Seven critical questions you should ask before starting an RIAArticle added by David Millar on September 4, 2009

David Millar

Joined: August 21, 2010

My Company

Many insurance agents and financial planners get to a point in their careers where they need a new challenge. Because of their numerous years of experience in the financial services industry, they believe they want to and can actively manage their clients' money. When they call me to assist with creating their registered investment advisor, I make sure they can answer these seven critical questions, because the answers will make or break their new business.

1. Do I want to be a business owner and am I driven to build a business?

Perhaps this is the most fundamental question that needs to be answered, because it takes a lot of work to run a successful business, let alone an RIA. However, most individuals that are faced with this decision have already run a successful business, such as an insurance agency or branch office of a broker/dealer. This experience will be valuable as they set up their new firm.

2. How much money under management do I anticipate having within the first year?

This question should be asked early in the decision process, because if there isn't a large enough book of business to manage, there's no point in setting up an RIA. More importantly, it will help answer the next question.

3. Will my book of business generate enough fees to pay for the added expenses?

The prospective owner must sit down with pen and paper and make a list of expected expenses. At a minimum, the list should include RIA-specific expenses such as errors and omissions insurance coverage, billing software, compliance system creation, performance reporting software (if desired), disaster recovery system and record keeping systems. The list should also include traditional business expenses such as rent, telephone and computers, to name a few. At the end of the first year, the generated fees and expenses should break even or come close to that point. If they do not reach the break-even point after 12 months, there are not enough assets to make the move profitable, and the prospective owner should concentrate on securing more clients before starting an RIA.

4. Do I want to and do I know how to manage money?

Most people in the financial services industry have some money management skills, otherwise they would not be in this business. However, actively managing money can be a very time-consuming and stressful task. Money managers need to constantly monitor and adjust their portfolios to the regular fluctuations of the markets. While some individuals may thrive on these duties, others may not want the burden. With the constant monitoring, it can be difficult to continue gathering the new assets required to keep the new business growing. Still, those who do not want to actively manage money but still want their own RIA have the option of outsourcing the money management. The prospective RIA owner should take time to reflect on what level of involvement they wish to have in this aspect of the business before opening the firm.

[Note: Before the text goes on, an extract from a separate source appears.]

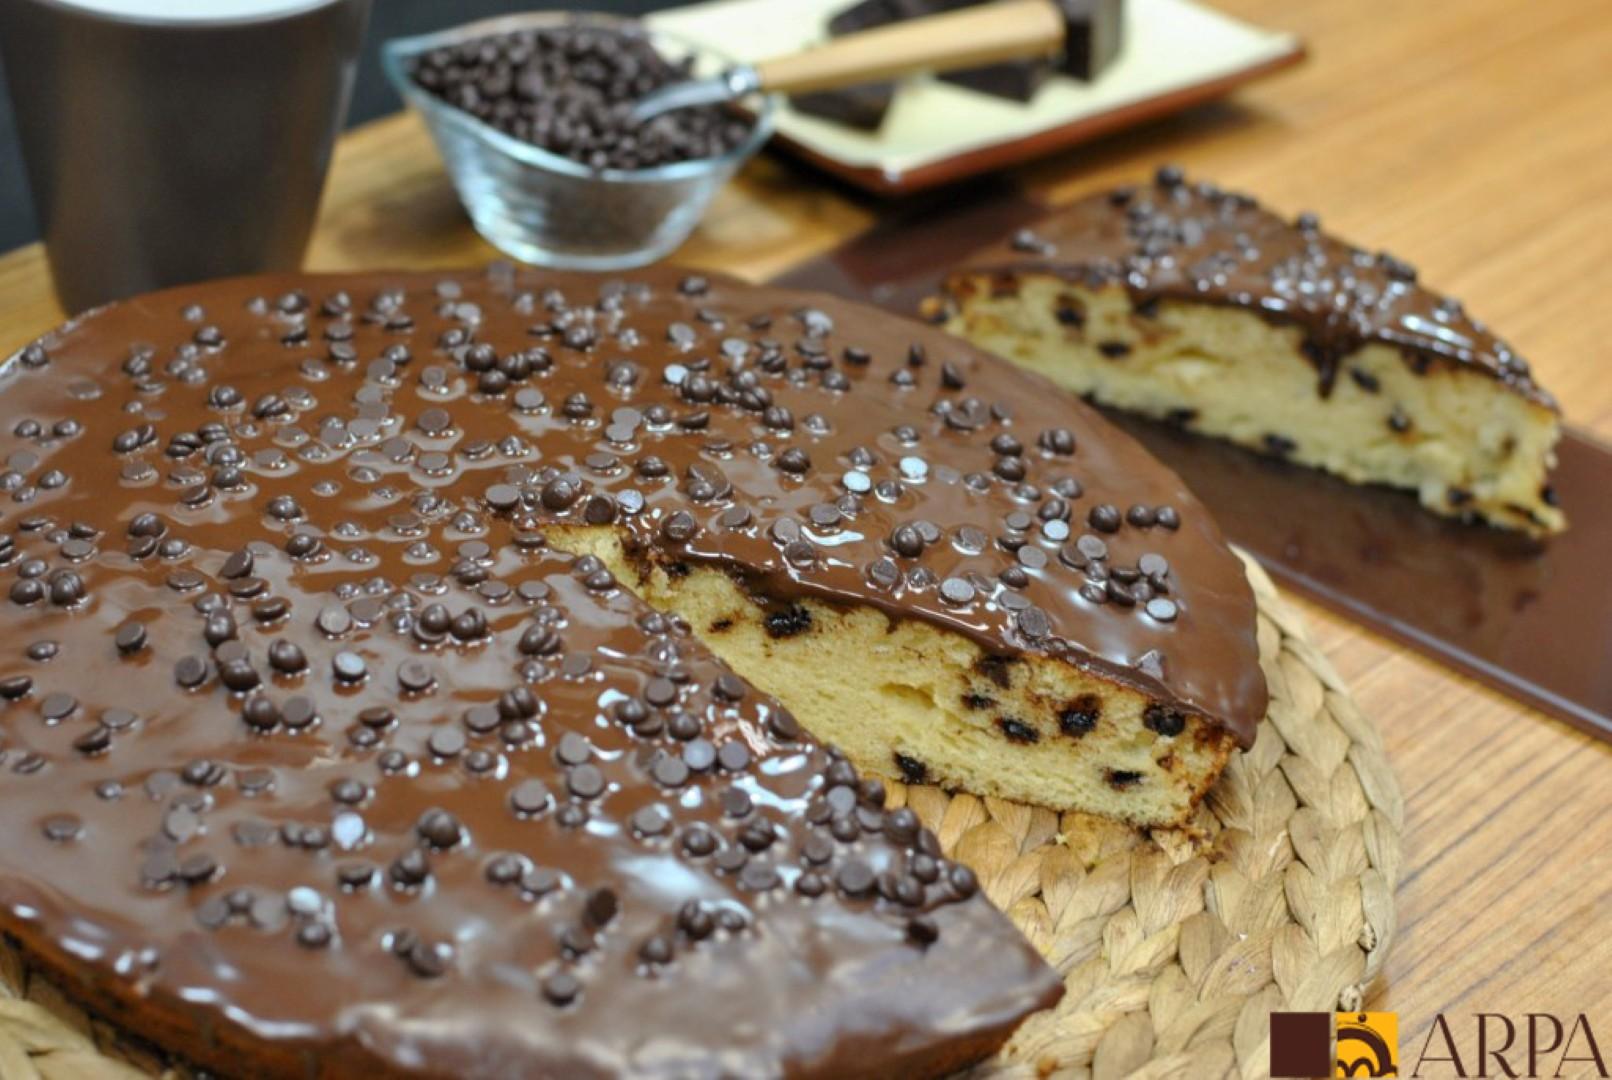 Tarta de bizcocho relleno de perlas de chocolate y cubierto de chocolate negro fundido
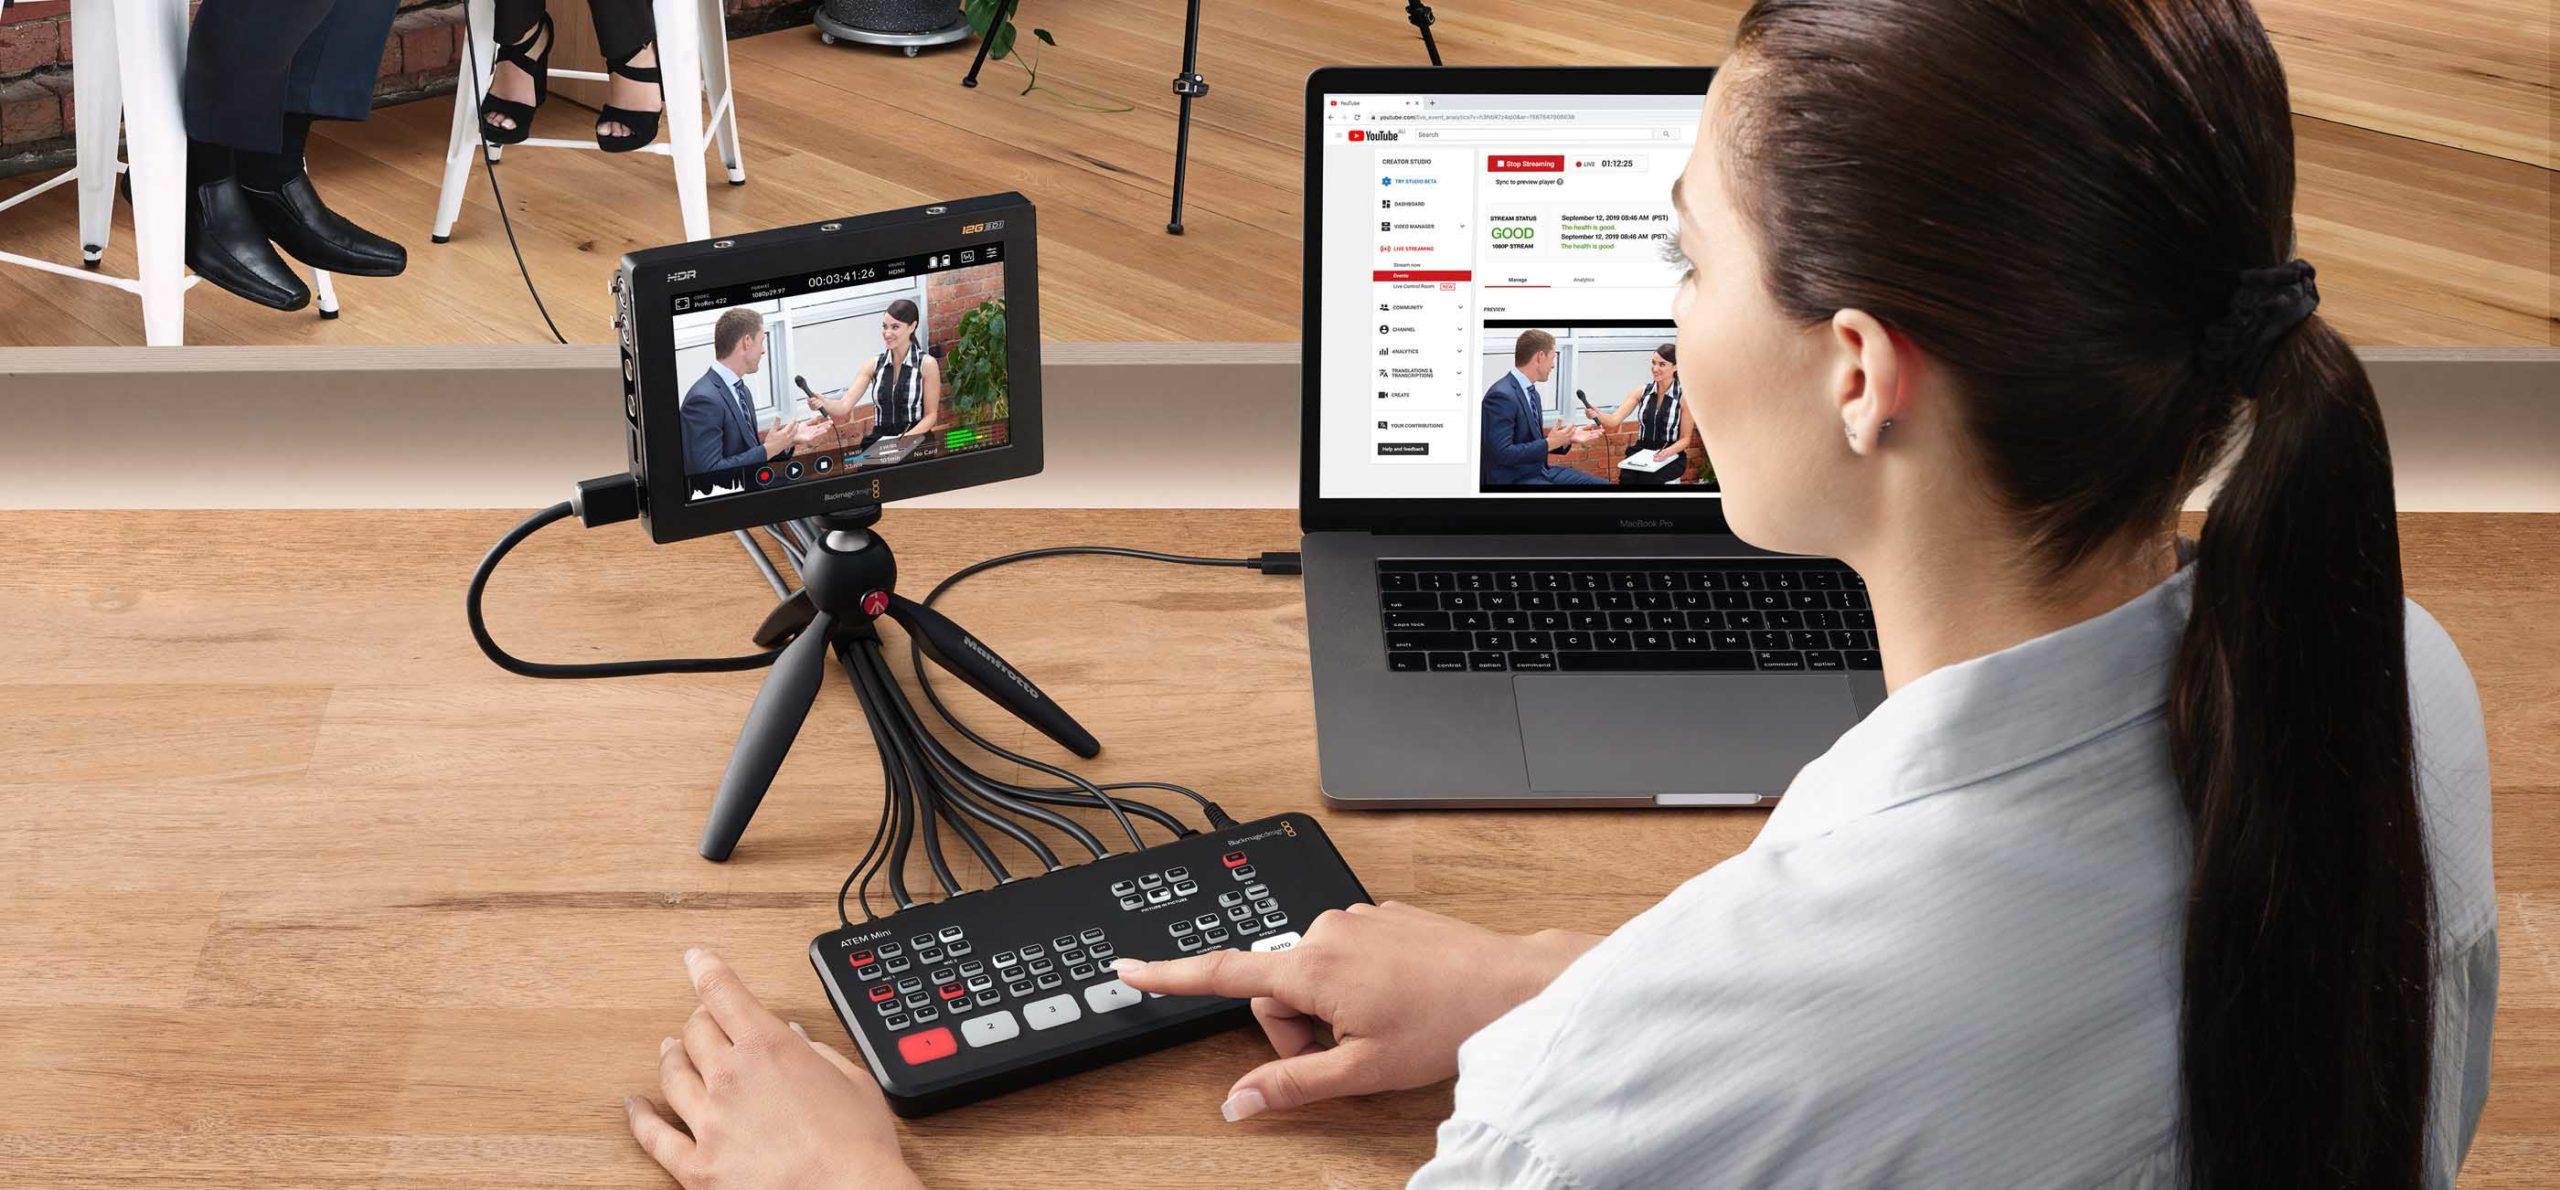 Blackmagic Design ATEM Mini Pro è un nuovo switcher economico per produzioni live

5. What services do I want to provide my clients, and how are those best delivered?

Typically, one reason a new RIA owner starts his firm is to fill a perceived gap in his service, such as the ability to charge a planning fee or charge a fee for assets under management. It is important to identify what new client services will be provided, how to best deliver those services, and whether they can be delivered at a reasonable price to the client. This is usually done through a custodian and a good custodian, can make or break a start up RIA.

With the recent growth of RIAs, many custodians have designed new platforms with powerful trading software and back office support systems. But, a poor custodial can strain startups through poor pricing structures, weak back office support, or labor intensive trading platforms. Proper due diligence should be conducted on various custodians and the services they provide to make sure they benefit the new firm and its clients.

6. Do I want to be in charge of my own compliance responsibilities?

This is a critical question that must be affirmatively answered by anyone wanting to open a RIA. An RIA owner must be willing to put time, money and resources into their compliance department as the business grows. Opening an RIA guarantees that a regulator will walk through the front door to examine the firm within the first one to three years. Thus, proper set up and administration of a compliance department is critical to the long-term success of the business.

7. How comfortable am I disclosing all of my conflicts of interest?

A registered investment advisor has a fiduciary duty to its clients. All boiled down, this means the RIA must put the clients' interests ahead of its own, and disclose all conflicts of interest. For some, this is not easy. For all, it is not only necessary, it is required. When conflicts are properly disclosed, they can eliminate potential client and regulatory headaches.

The formation of a registered investment advisor is the most important time of its existence. Mistakes are often made because of poor planning and decision making. To avoid these mistakes, the owners must ask and answer several important questions that hold the keys to the long-term success of the new firm. If a prospective owner can answer these seven critical questions and feel good about the answers, it might be time to look into opening a registered investment advisor.